# UK Soap and Drama Discussion > Coronation Street > The Rumour Mill >  New Family for 2007?

## jonni

Has anyone else heard that a new family will be living in tracey and charlies house?

  Spoiler:    Sinbad from Brookside has been cast as the father, he is being paid Â£95,000 for the job.  He will be joined by his father, and five children.  The children will consist of a set of twins.  

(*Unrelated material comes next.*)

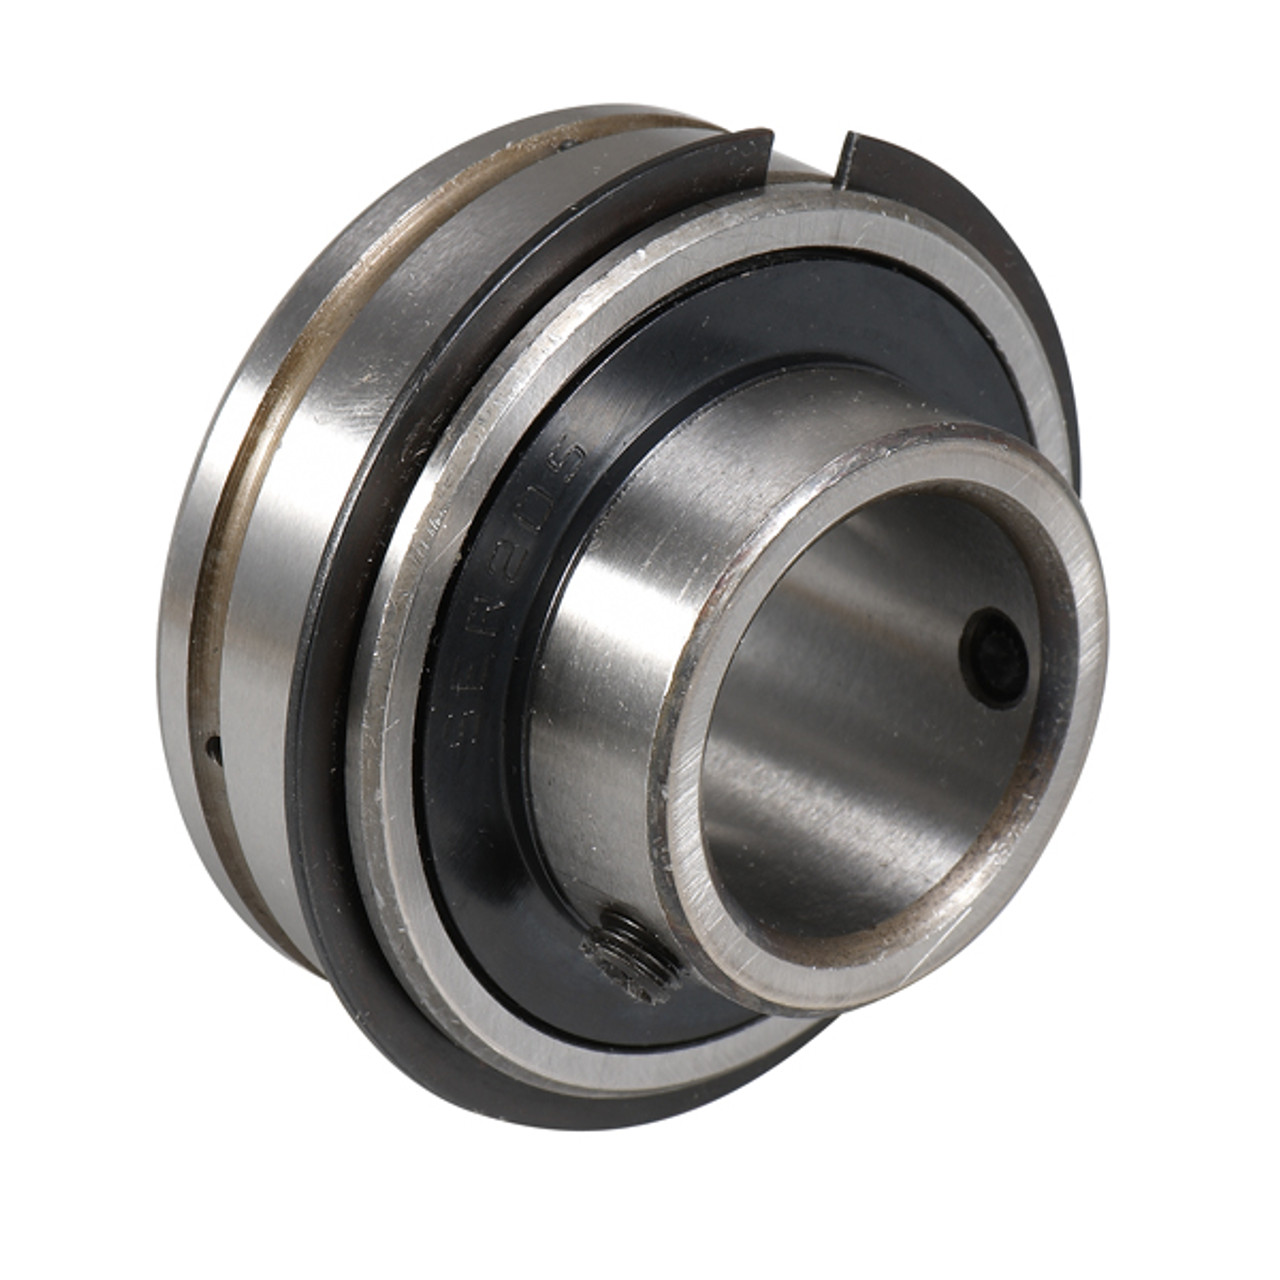 SER206-20 GENERIC 31.75mm Normal duty bearing insert with a parallel outer race and grubscrew locking - Imperial Thumbnail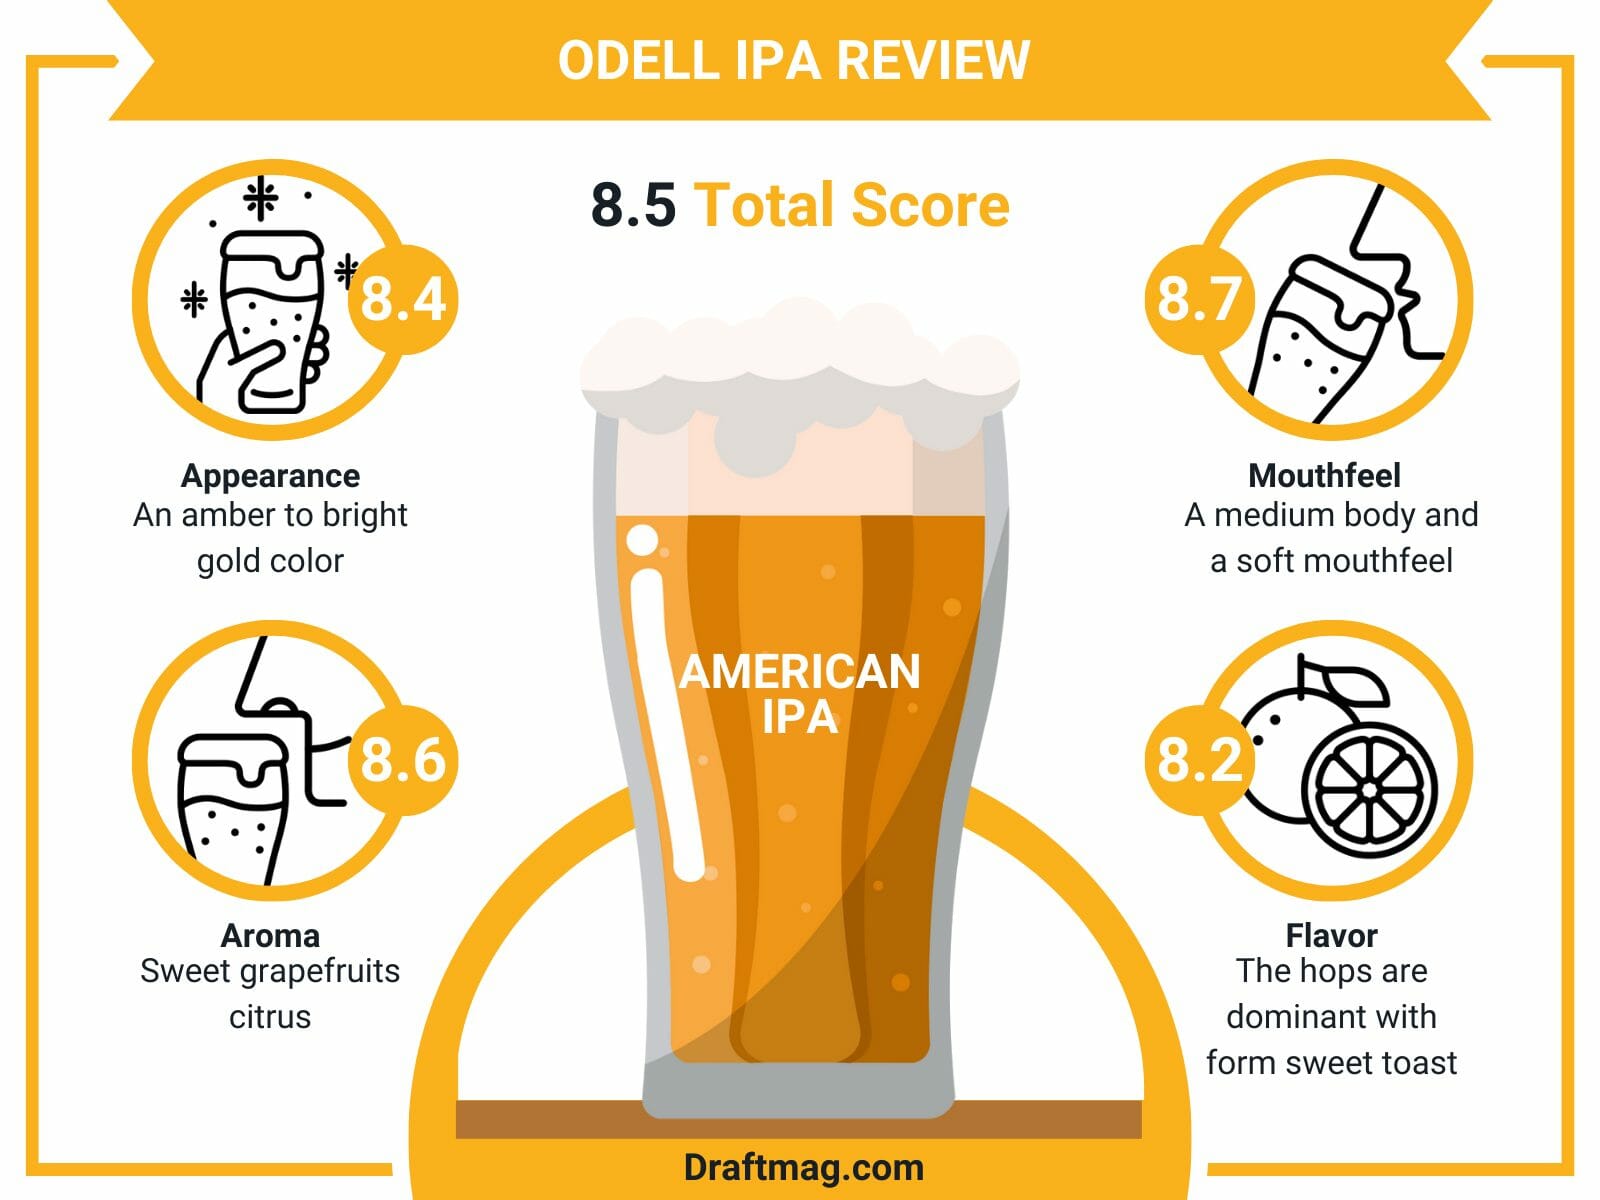 Odell ipa review infographic

Don't know if this is true or not.

----------


## DaVeyWaVey

I haven't heard any rumours on this...would be good to see a new family in the Street though. Where did you get this information from?

----------


## jonni

i will find the site...

corrie blog or something

----------


## DaVeyWaVey

> i will find the site...
> 
> corrie blog or something


Oh right ok, well usually Corrie Blog is a very good reliable source so this may well be true.  :Smile:

----------


## Babe14

I have heard the rumour about "sinbad" from Brookie/Royal. The family sound as though they would be a good edition, but I beleive the Connors will also be the new family on the block and there are big plans for them. :Big Grin:

----------


## katherine

5 kids and 2 male adults in a 2 or 3 bedroom house cant see that
to be honest

----------


## Chloe

I was thinking the same - those houses must be like tardises upstairs !

----------


## Katy

> 5 kids and 2 male adults in a 2 or 3 bedroom house cant see that
> to be honest


This is corrie were talking about. It may well be true. You never seen how many people live at the Barlows.

----------


## Elsie Tanner

I think that the family might be spread about a bit, with some of the members living away from Coronation Street.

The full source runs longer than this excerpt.